Like Mokashi and Nayak supported Tendulkar all those years ago, the onus is on the seniors in the current set-up to provide the help required to the promising youngsters to take the big leap forward. Prithvi, who has been in scintillating form this season with four centuries in five first-class games, has already earned plaudits with parallels being drawn between the Master Blaster himself. It is youngsters like Prithvi and Shreyas, who are going to form the next batch that will shape the upcoming phase of Mumbai cricket.

Image Credit: PTI
Image Credit: PTI

Captain Aditya Tare feels this pressure on the youngsters will not hamper their progress, stating that in fact it would only motivate them to strive for excellence.

“These players, like the stalwarts before them, come from a city that embodies the never say die spirit,” said Tare on the sidelines of the event on Wednesday. “These players are not getting bogged down. The history only acts as a motivation,” he added.

Dominance likely to slip?

According to former India batsman and Mumbai Ranji captain Sanjay Manjrekar, the development of the game in other parts of the country is likely to challenge Mumbai’s stranglehold over the competition as it has in the past.

“Cricketing landscape has changed rapidly in the past few decades.
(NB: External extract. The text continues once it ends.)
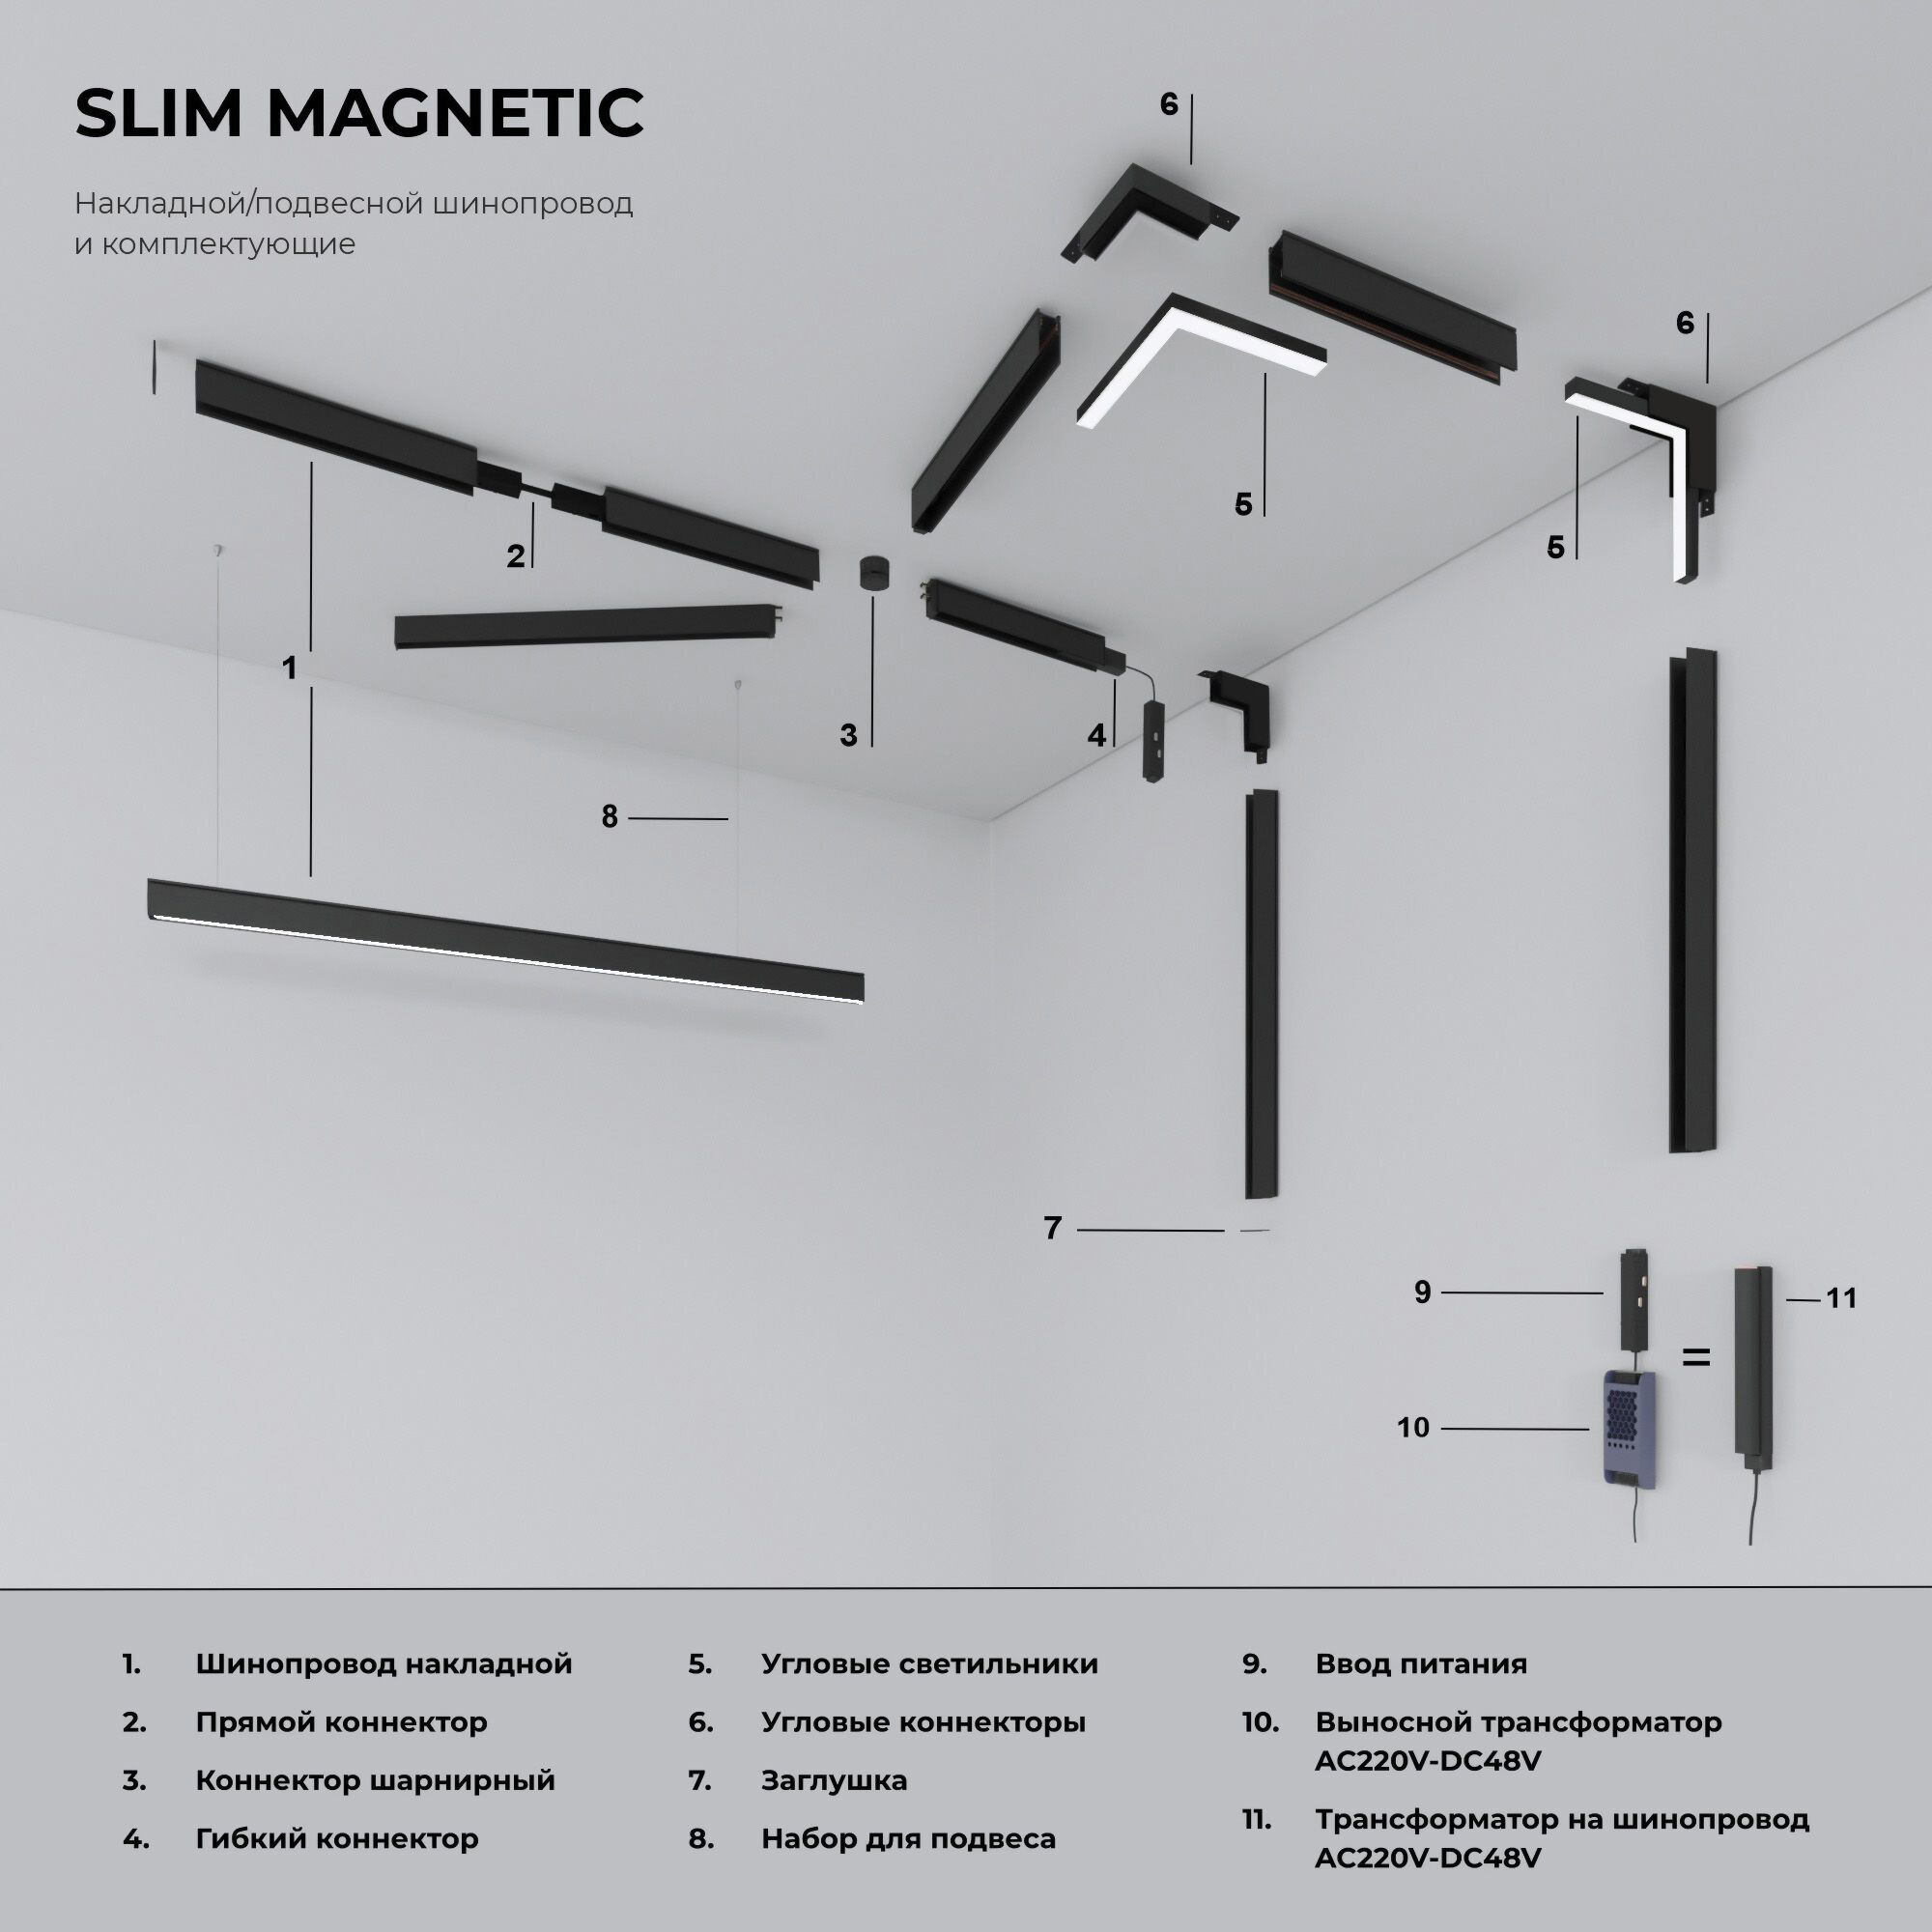 Slim Magnetic Блок питания 200W 95042/00

Small town cricket improving greatly. The youngsters there nowadays have a single minded approach. The competition is much tougher nowadays which is a good thing for Indian cricket. Youngsters. Kids in Mumbai have lot many options and distractions.” Manjrekar said.

He, however, feels the new generation will usher in their own style of cricket.

“But, I don’t think the new generation is affected by this legacy. They are not burdened by such things. They challenge convention and have their own vision. They will go out and play their own style of cricket. So, I don’t think should be burdened by this type of legacy,” Manjrekar said.

Recent form has been quite positive. Mumbai has won five titles in the last ten years, a remarkable feat considering the high level of competition prevalent in the India’s domestic circuit.

The current side led by Tare is coming off a fine win over Odisha in their previous game, which incidentally was their first victory this season. In the three games that the team has played so far, performances of these youngsters, especially Prithvi have been eye-catching to say the least. Not only has he and his mates piled on the runs, but they have done so with some style.

In their second game of the season, India’s premier spinner in Tests, R Ashwin, was left wicket-less in the second innings.

This attitude will not easily die, feels former India and Mumbai batsman Vinod Kambli.

“All of Mumbai’s players know only one thing that is to perform,” Kambli said. “It is inherent in the mind of a cricketer from this city. They know what they are playing for. Performing is key and I am sure this team and the ones that will follow will continue performing at the highest of standards,” he added.